Moreover, rich nations also suffer less from natural disasters, especially in terms of human life, than do poor regions. When the Loma Pieta earthquake struck northern California, 67 people lost their lives. A year earlier, a slightly weaker earthquake ravaged poor and backward Armenia with a death toll of nearly 25,000. To slow economic growth of poor countries through measures taken to cap CO emissions would leave underdeveloped nations more exposed to damage from inevitable natural disasters. Higher worldwide mortality would be the result.

On top of any higher energy costs that might be instituted, the Clinton administration will likely to make matters worse by recommeding much tougher Corporate Average Fuel Economy (CAFE) standards. Those rules mandate the average miles per gallon that the average vehicle sold by auto companies must achieve. The only way that car manufacturers could meet much tighter standards would be to shrink the sizes of their new vehicles. Car buyers, who have shown that they prefer big heavy sports vehicles, which are more fun and more comfortable, would find their choice restricted. Moreover, light small cars are inherently more dangerous for occupants than heavy vehicles. Looking only at the law in 1989, two economists concluded that "CAFE will be responsible for several thousand additional fatalities over the life of each model-year's cars." According to the Insurance Institute for Highway Safety, the occupant death rate in the smallest cars (such as the Ford Escort, at 2,313 pounds) is double the rate for the largest cars (such as the Buick LeSabre, at 3,267 pounds). Raising CAFE sharply, depending on its new level, will result in thousands of extra highway fatalities each year.

Higher heating costs would also increase the use of insulation and more airtight buildings, reducing ventilation and trapping more air pollution indoors. Such hazardous chemicals as formaldehyde, carbon monoxide, nitrogen oxides, volatile organic compounds, and particulates would build up inside the structures. Since people spend most of their time indoors, the quality of the air in houses and offices is important to maintaining health. Without doubt the more energy efficient structures would cause some increase in sickness and perhaps an unknown number of early deaths.
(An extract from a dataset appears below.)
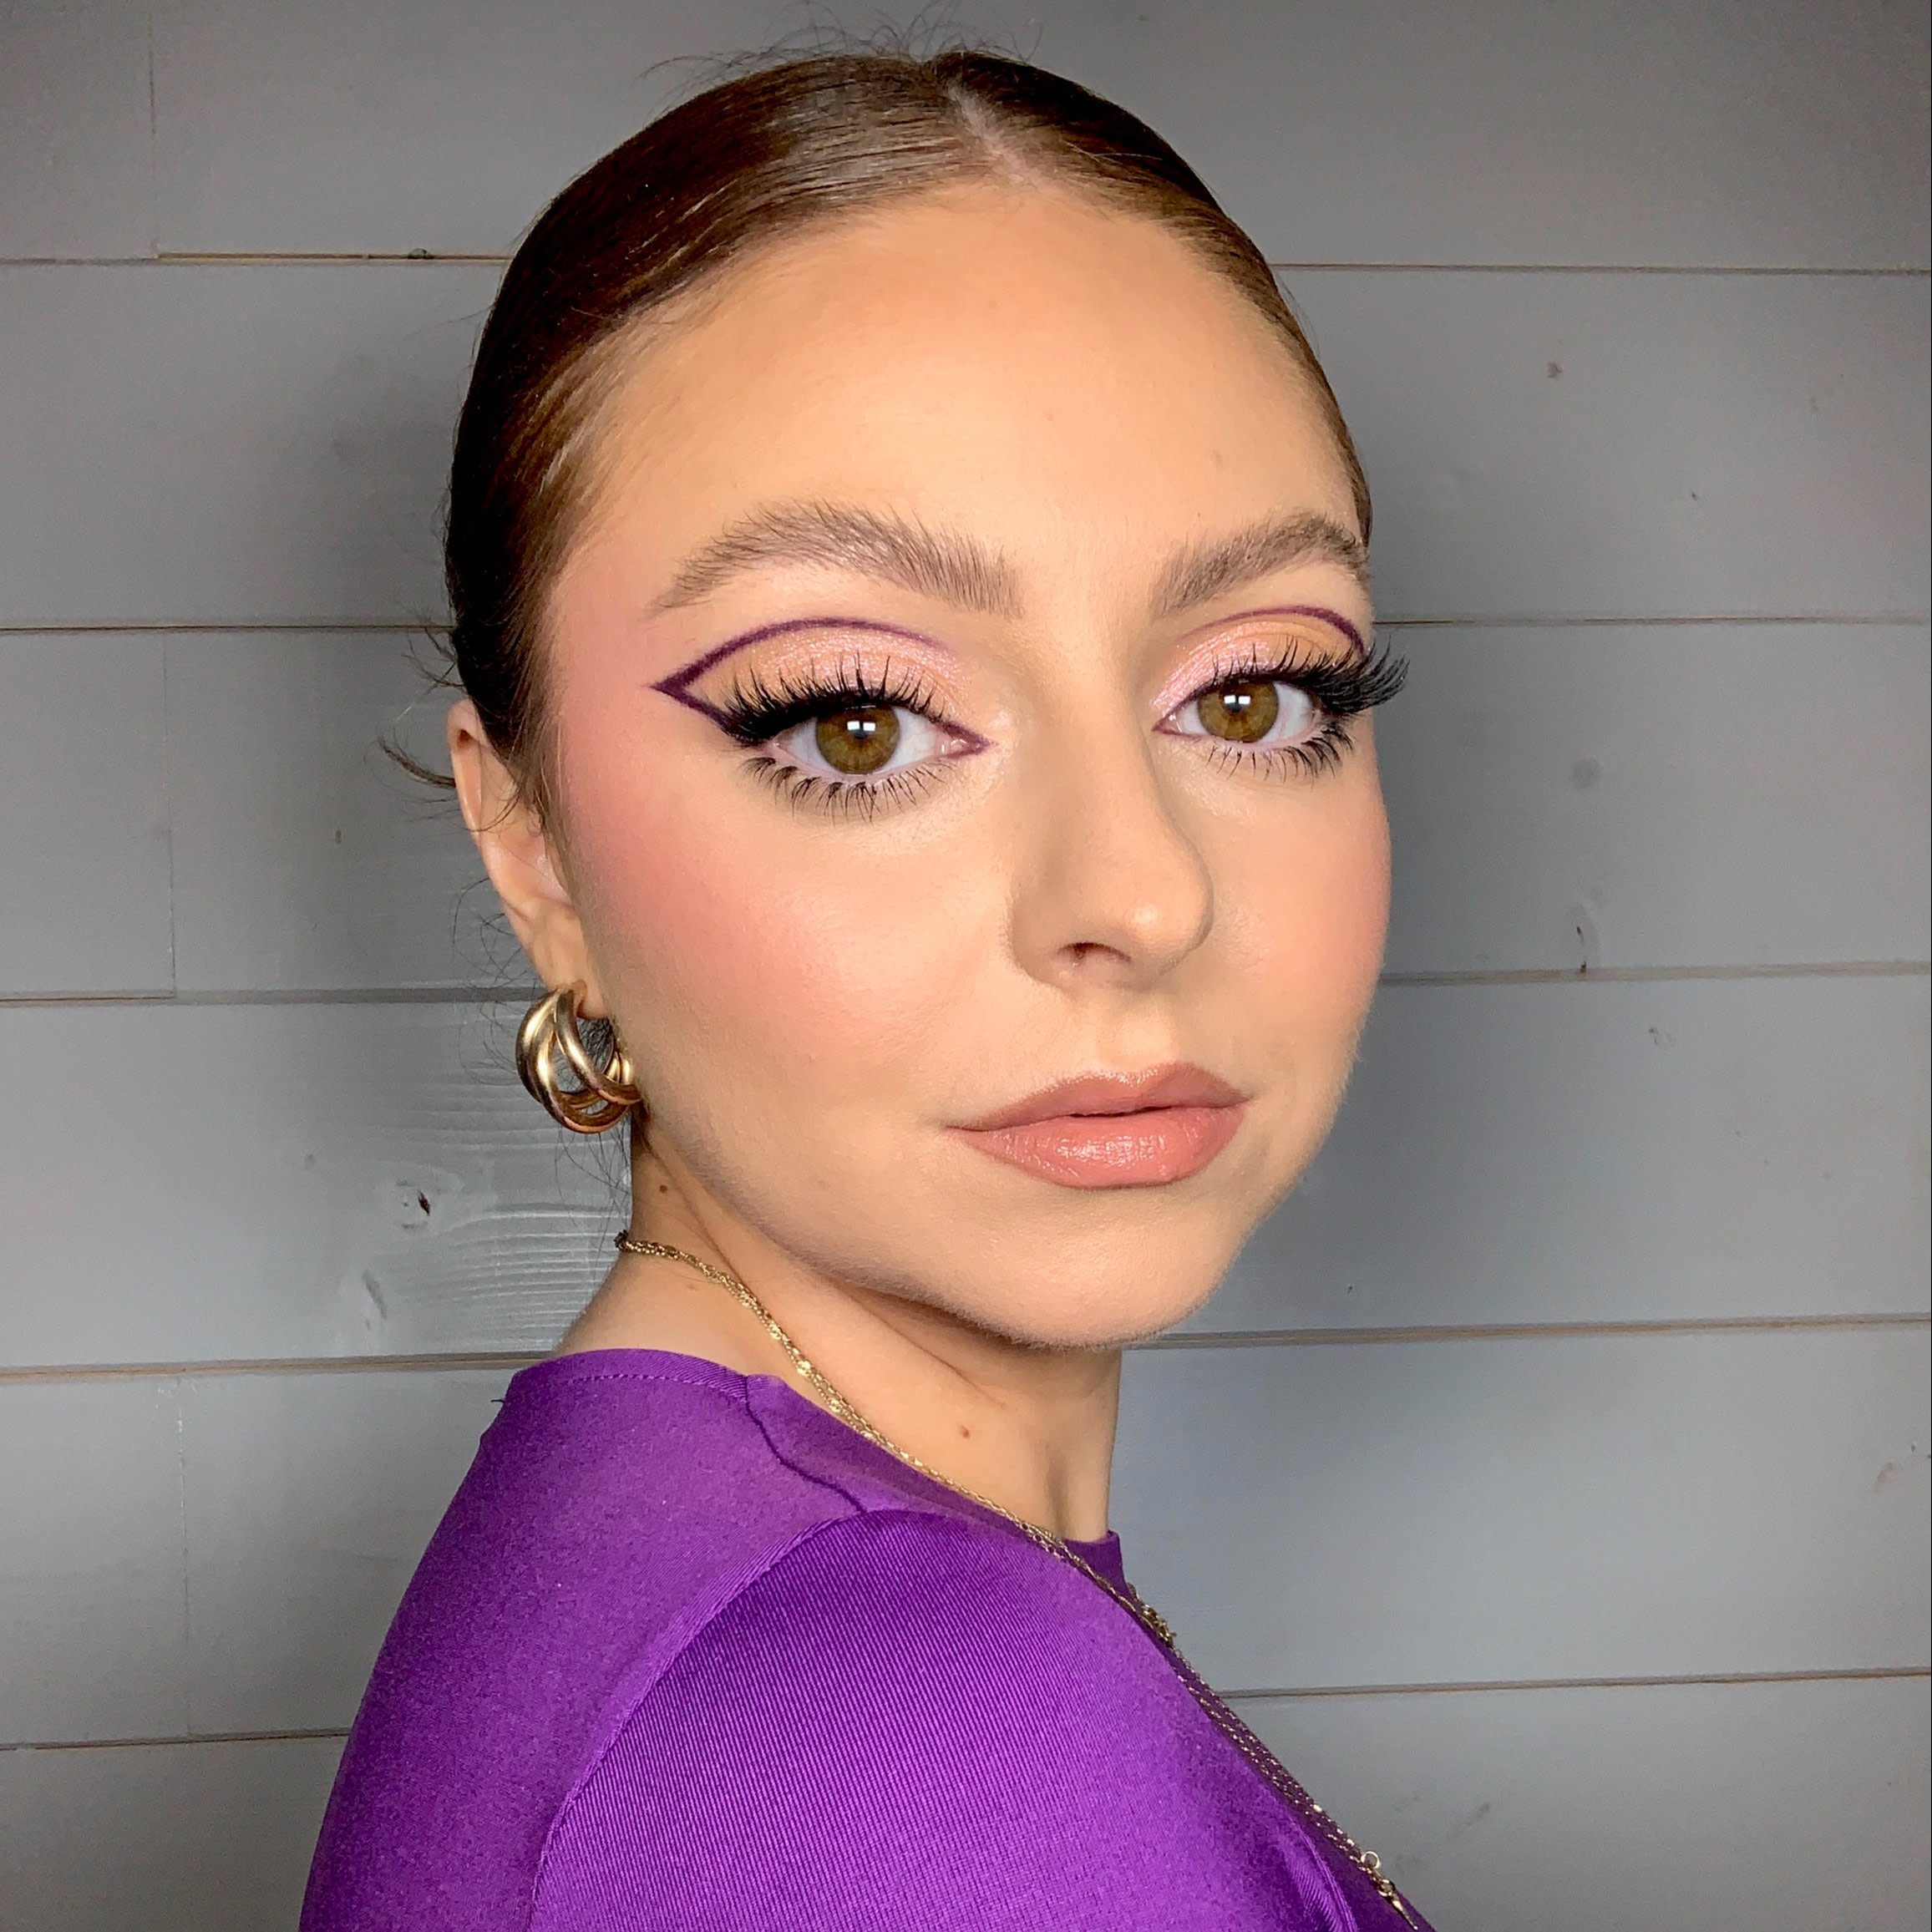 Light-tone model with brown eyes wearing soft pinkish-beige eyeshadow with black eyeliner and glitter purple eyeliner bordering her eyelid for a dramatic purple eye look.

Government regulations often, if not always, have unfortunate, unintended consequences. The effort to protect the ozone layer provides a recent example. Under the Montreal Protocol, chlorofluorocarbons (CFCs) have been banned in the industrial nations and will be phased out in the rest of the world over the next decade. CFCs are relatively inert, benign, non-poisonous substances that provide excellent cooling. Not only do the substitutes fail to work as well, they turn out to be dangerous to people's health. Scientists have confirmed that workers accidentally exposed to substitute chemicals, such as HCFC-123 and HCFC-124, have developed acute hepatitis. The banned CFCs have produced no known cases of harm to any men or women.
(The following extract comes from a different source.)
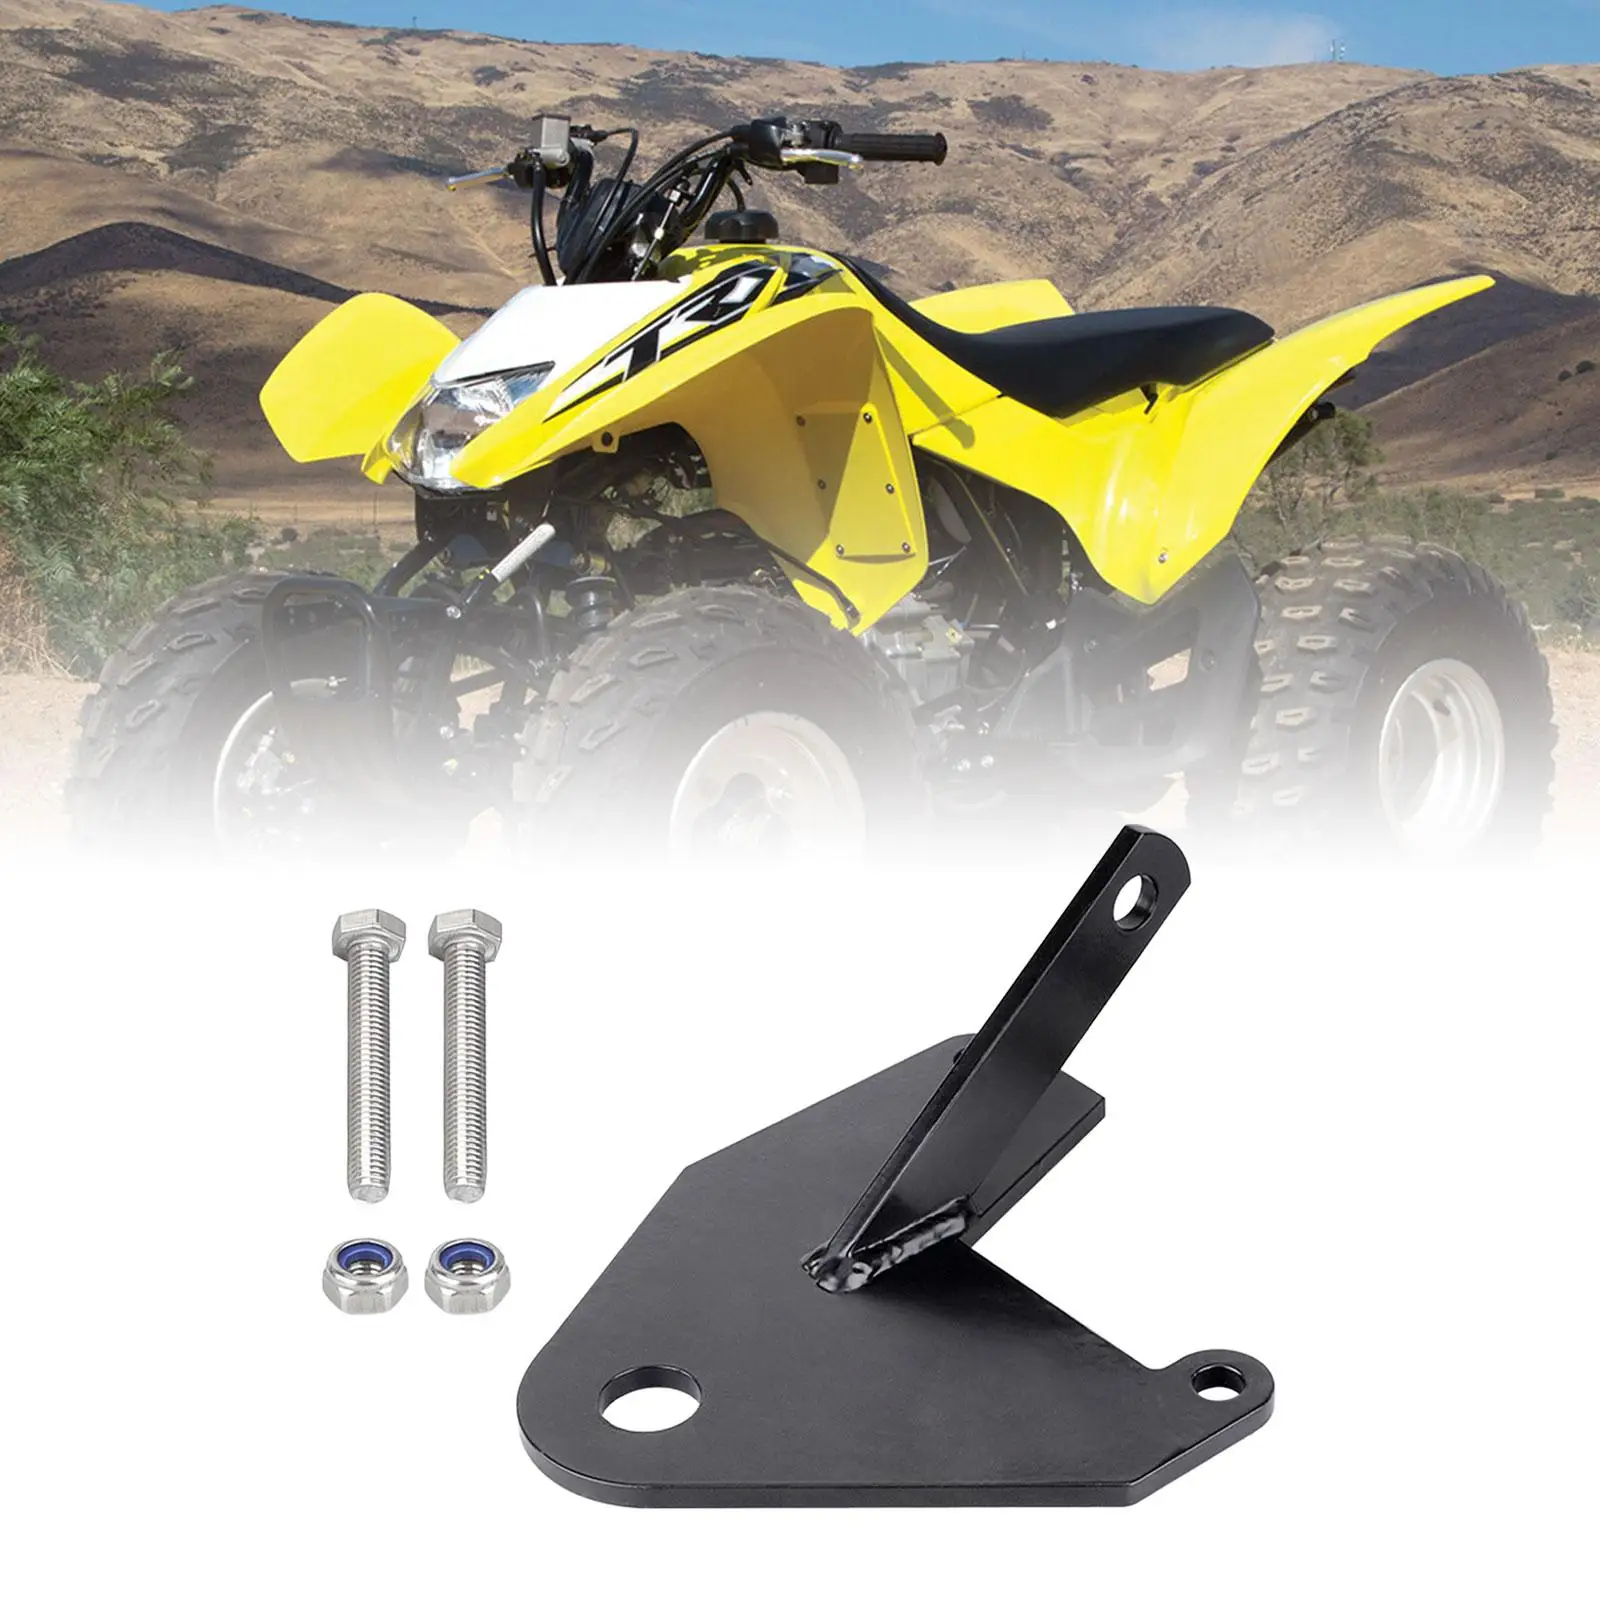 Trailer Hitch Receiver Ball Mount, ATV Ball Hitch with Hardware, Professional,

In other words, policy makers must weigh the costs of acting to slow greenhouse gas emissions against the costs of maintaining current policy. Neither is without risk but claiming that the precautionary principle requires action to curb CO2 is nonsense. Under the most efficient possible policy for curbing CO2, one under which all countries cooperate to reduce their emissions, people will die, growth will be slowed (leading to more damage and fatalities from naturally occurring disasters), and the poor will suffer the most. Yet the politicians are aiming for a treaty that would be even worse. It would impose these heavy burdens yet produce little in the way of curbed emissions. This is folly.

References:

Yohe, Gary W. "Climate Change Policies, the Distribution of Income, and U.S. Living Standards," Special Report, American Council for Capital Formation, Center for Policy Research, November 1996.

Chapman, Kenneth S. And Govind Hariharan. "Controlling for Causality in the Link from Income to Mortality," Journal of Risk Uncertainty 85 (1994).

Duleep, Harriet O. "Measuring the Effect of Income on Adult Mortality Using Longitudinal Administrative Record Data," Journal of Human Resources 238 (1986).

Cross, Frank B. "When Environmental Regulations Kill," Ecology L. Q. 1995.

The Washington Post, August 22, 1997, p. 14A.